Yes, I noticed your comments to the thread. I will follow-up there.
Farhana
On Thu, Jul 19, 2018 at 11:39 AM, Philip Reames <listmail at philipreames.com>
wrote:
> FYI, I replied to the review thread with a few ideas for improvement on
> this patch.
>
>
>
> On 07/19/2018 09:50 AM, Farhana Aleen via llvm-commits wrote:
>
>> Author: faaleen
>> Date: Thu Jul 19 09:50:27 2018
>> New Revision: 337471
>>
>> URL: http://llvm.org/viewvc/llvm-project?rev=337471&view=rev
>> Log:
>> [LoadStoreVectorizer] Use getMinusScev() to compute the distance between
>> two pointers.
>>
>> Summary: Currently, isConsecutiveAccess() detects two pointers(PtrA and
>> PtrB) as consecutive by
>> comparing PtrB with BaseDelta+PtrA. This works when both
>> pointers are factorized or
>> both of them are not factorized. But isConsecutiveAccess()
>> fails if one of the
>> pointers is factorized but the other one is not.
>>
>> Here is an example:
>> PtrA = 4 * (A + B)
>> PtrB = 4 + 4A + 4B
>>
>> This patch uses getMinusSCEV() to compute the distance between
>> two pointers.
>> getMinusSCEV() allows combining the expressions and computing
>> the simplified distance.
>>
>> Author: FarhanaAleen
>>
>> Reviewed By: rampitec
>>
>> Differential Revision: https://reviews.llvm.org/D49516
>>
>> Added:
>> llvm/trunk/test/Transforms/LoadStoreVectorizer/AMDGPU/compl
>> ex-index.ll
>> Modified:
>> llvm/trunk/lib/Transforms/Vectorize/LoadStoreVectorizer.cpp
>>
>> Modified: llvm/trunk/lib/Transforms/Vectorize/LoadStoreVectorizer.cpp
>> URL: http://llvm.org/viewvc/llvm-project/llvm/trunk/lib/Transform
>> s/Vectorize/LoadStoreVectorizer.cpp?rev=337471&r1=337470&r2=
>> 337471&view=diff
>> ============================================================
>> ==================
>> --- llvm/trunk/lib/Transforms/Vectorize/LoadStoreVectorizer.cpp
>> (original)
>> +++ llvm/trunk/lib/Transforms/Vectorize/LoadStoreVectorizer.cpp Thu Jul
>> 19 09:50:27 2018
>> @@ -340,6 +340,14 @@ bool Vectorizer::isConsecutiveAccess(Val
>> if (X == PtrSCEVB)
>> return true;
>> + // The above check will not catch the cases where one of the
>> pointers is
>> + // factorized but the other one is not, such as (C + (S * (A + B))) vs
>> + // (AS + BS). Get the minus scev. That will allow re-combining the
>> expresions
>> + // and getting the simplified difference.

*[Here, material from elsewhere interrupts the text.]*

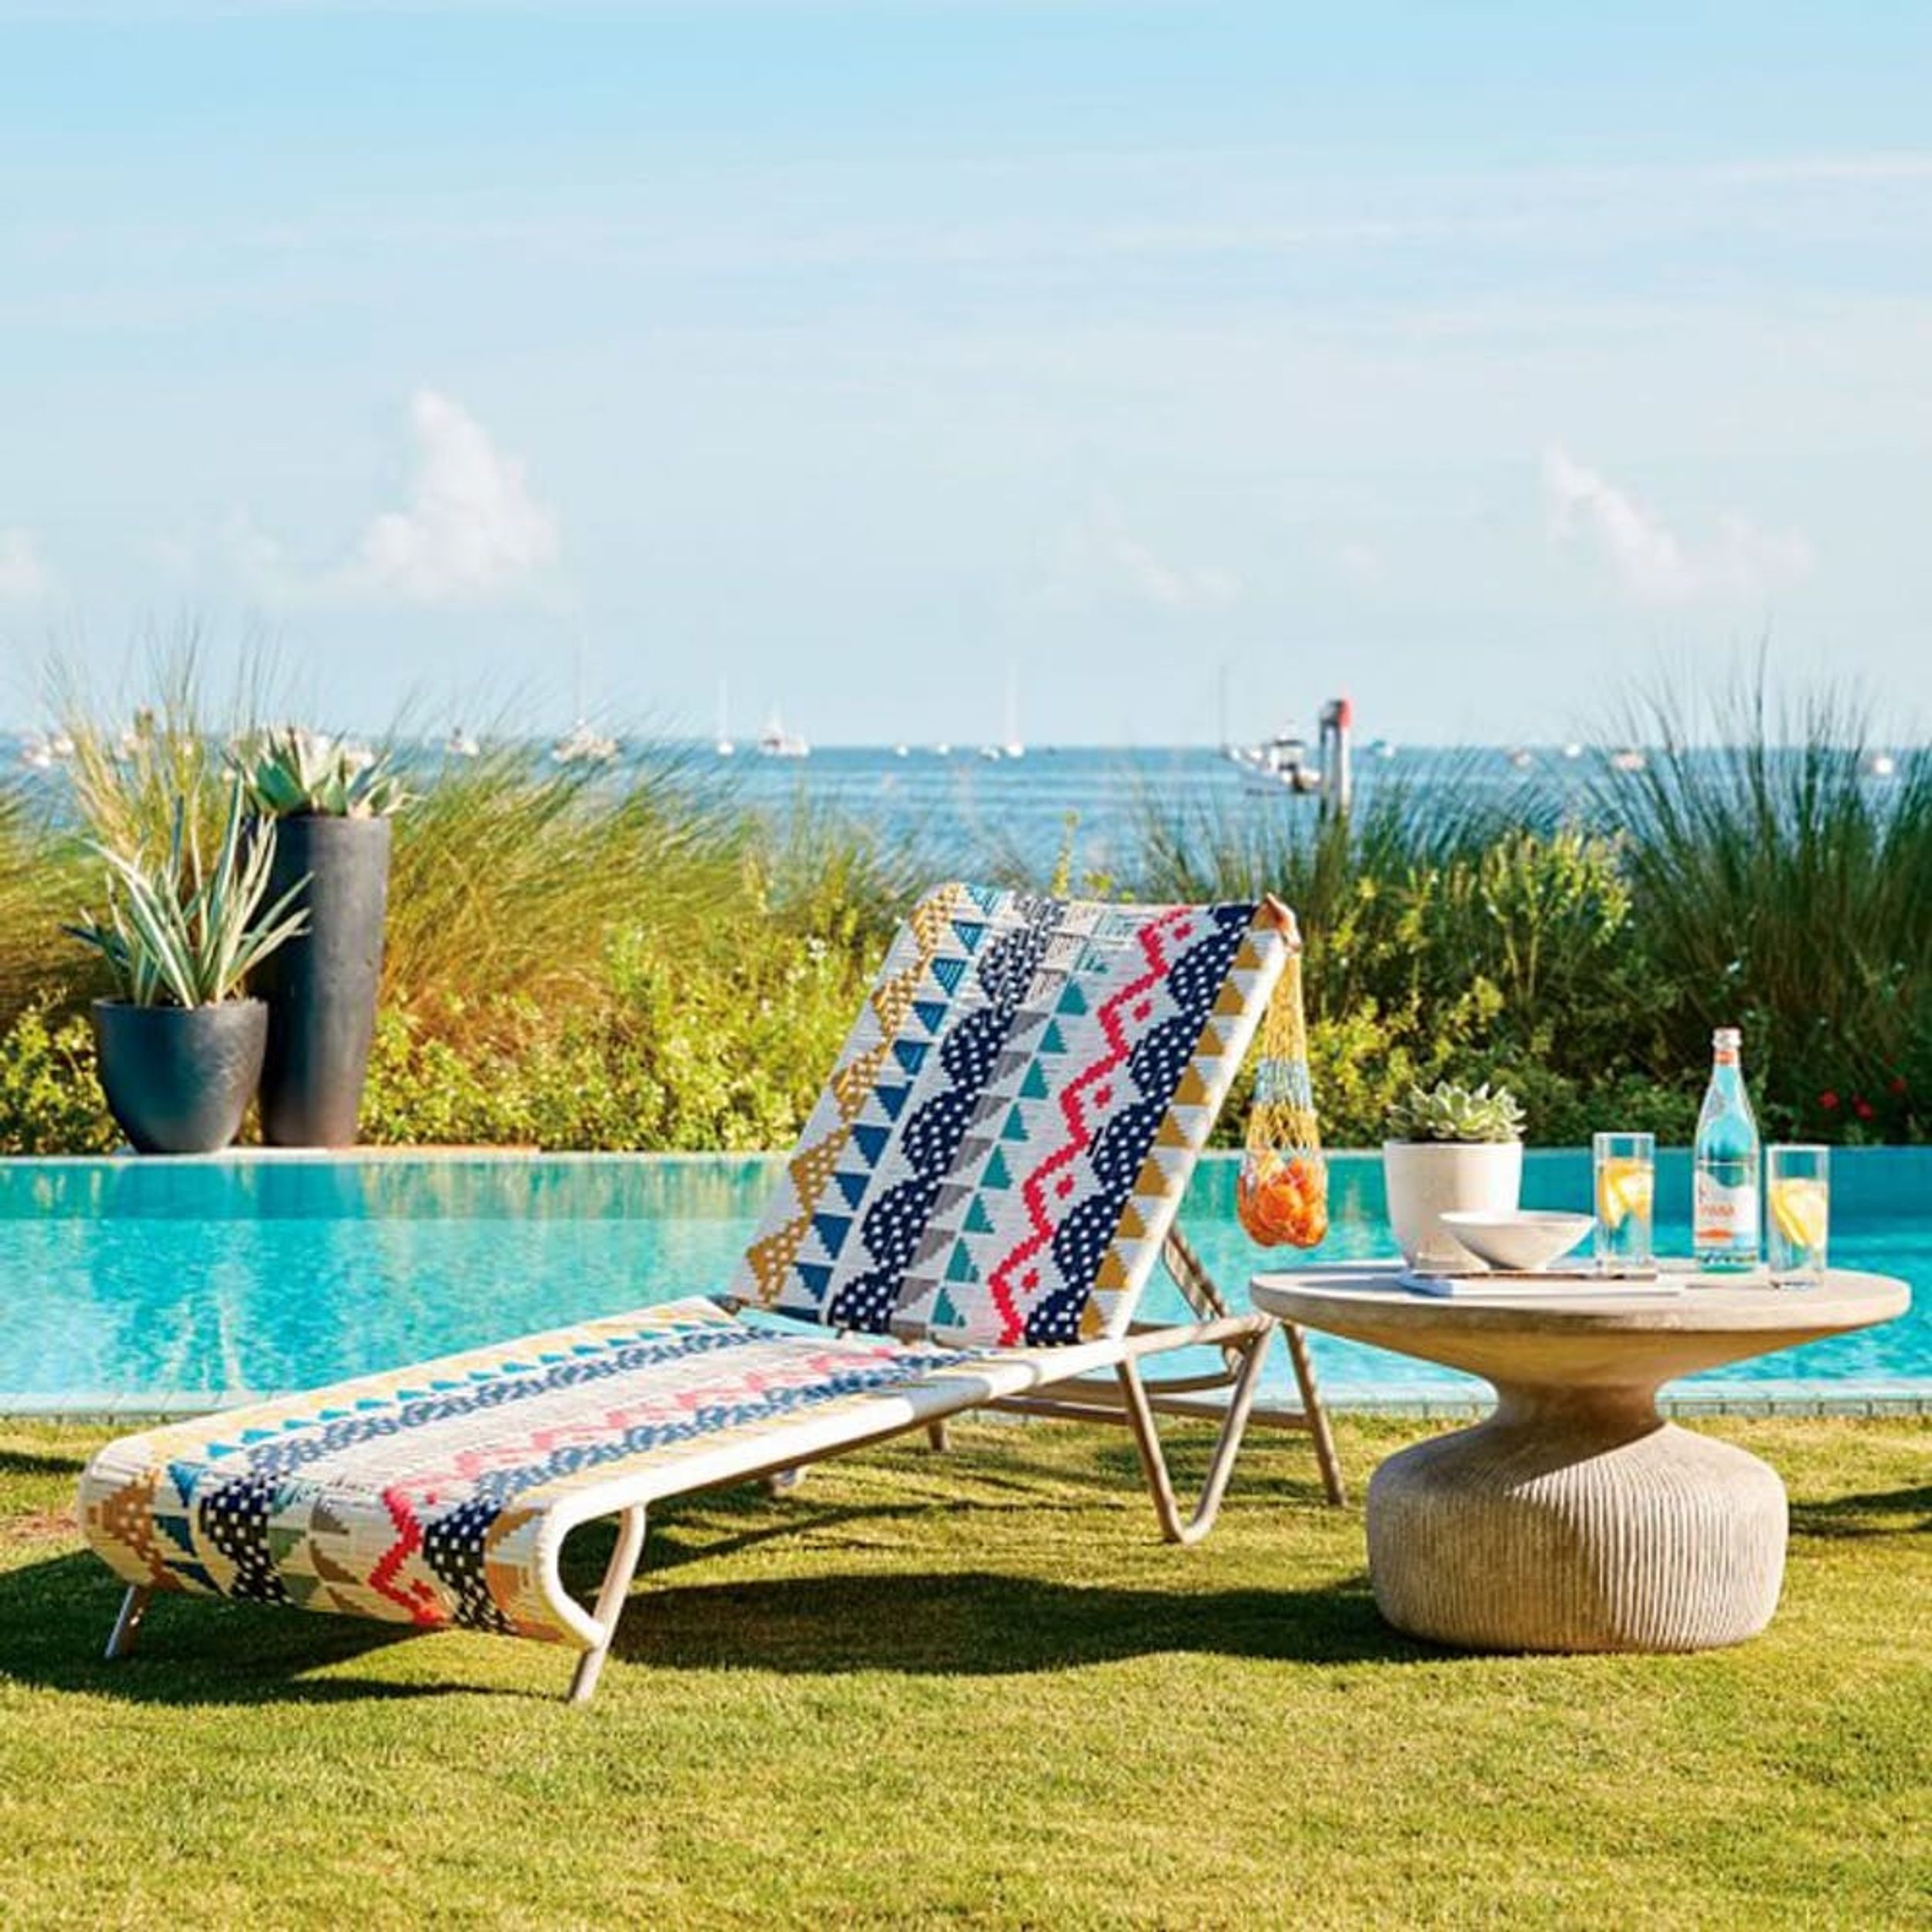 15 Ways to Make Your Patio the Only Place You’ll Want to Be This Summer

>> + const SCEV *Dist = SE.getMinusSCEV(PtrSCEVB, PtrSCEVA);
>> + if (C == Dist)
>> + return true;
>> +
>> // Sometimes even this doesn't work, because SCEV can't always see
>> through
>> // patterns that look like (gep (ext (add (shl X, C1), C2))). Try
>> checking
>> // things the hard way.
>>
>> Added: llvm/trunk/test/Transforms/LoadStoreVectorizer/AMDGPU/comple
>> x-index.ll
>> URL: http://llvm.org/viewvc/llvm-project/llvm/trunk/test/Transfor
>> ms/LoadStoreVectorizer/AMDGPU/complex-index.ll?rev=337471&view=auto
>> ============================================================
>> ==================
>> --- llvm/trunk/test/Transforms/LoadStoreVectorizer/AMDGPU/complex-index.ll
>> (added)
>> +++ llvm/trunk/test/Transforms/LoadStoreVectorizer/AMDGPU/complex-index.ll
>> Thu Jul 19 09:50:27 2018
>> @@ -0,0 +1,49 @@
>> +; RUN: opt -mtriple=amdgcn-amd-amdhsa -basicaa -load-store-vectorizer -S
>> -o - %s | FileCheck %s
>> +
>> +declare i64 @_Z12get_local_idj(i32)
>> +
>> +declare i64 @_Z12get_group_idj(i32)
>> +
>> +declare double @llvm.fmuladd.f64(double, double, double)
>> +
>> +; CHECK-LABEL: @factorizedVsNonfactorizedAccess(
>> +; CHECK: load <2 x float>
>> +; CHECK: store <2 x float>
>> +define amdgpu_kernel void @factorizedVsNonfactorizedAccess(float
>> addrspace(1)* nocapture %c) {
>> +entry:
>> + %call = tail call i64 @_Z12get_local_idj(i32 0)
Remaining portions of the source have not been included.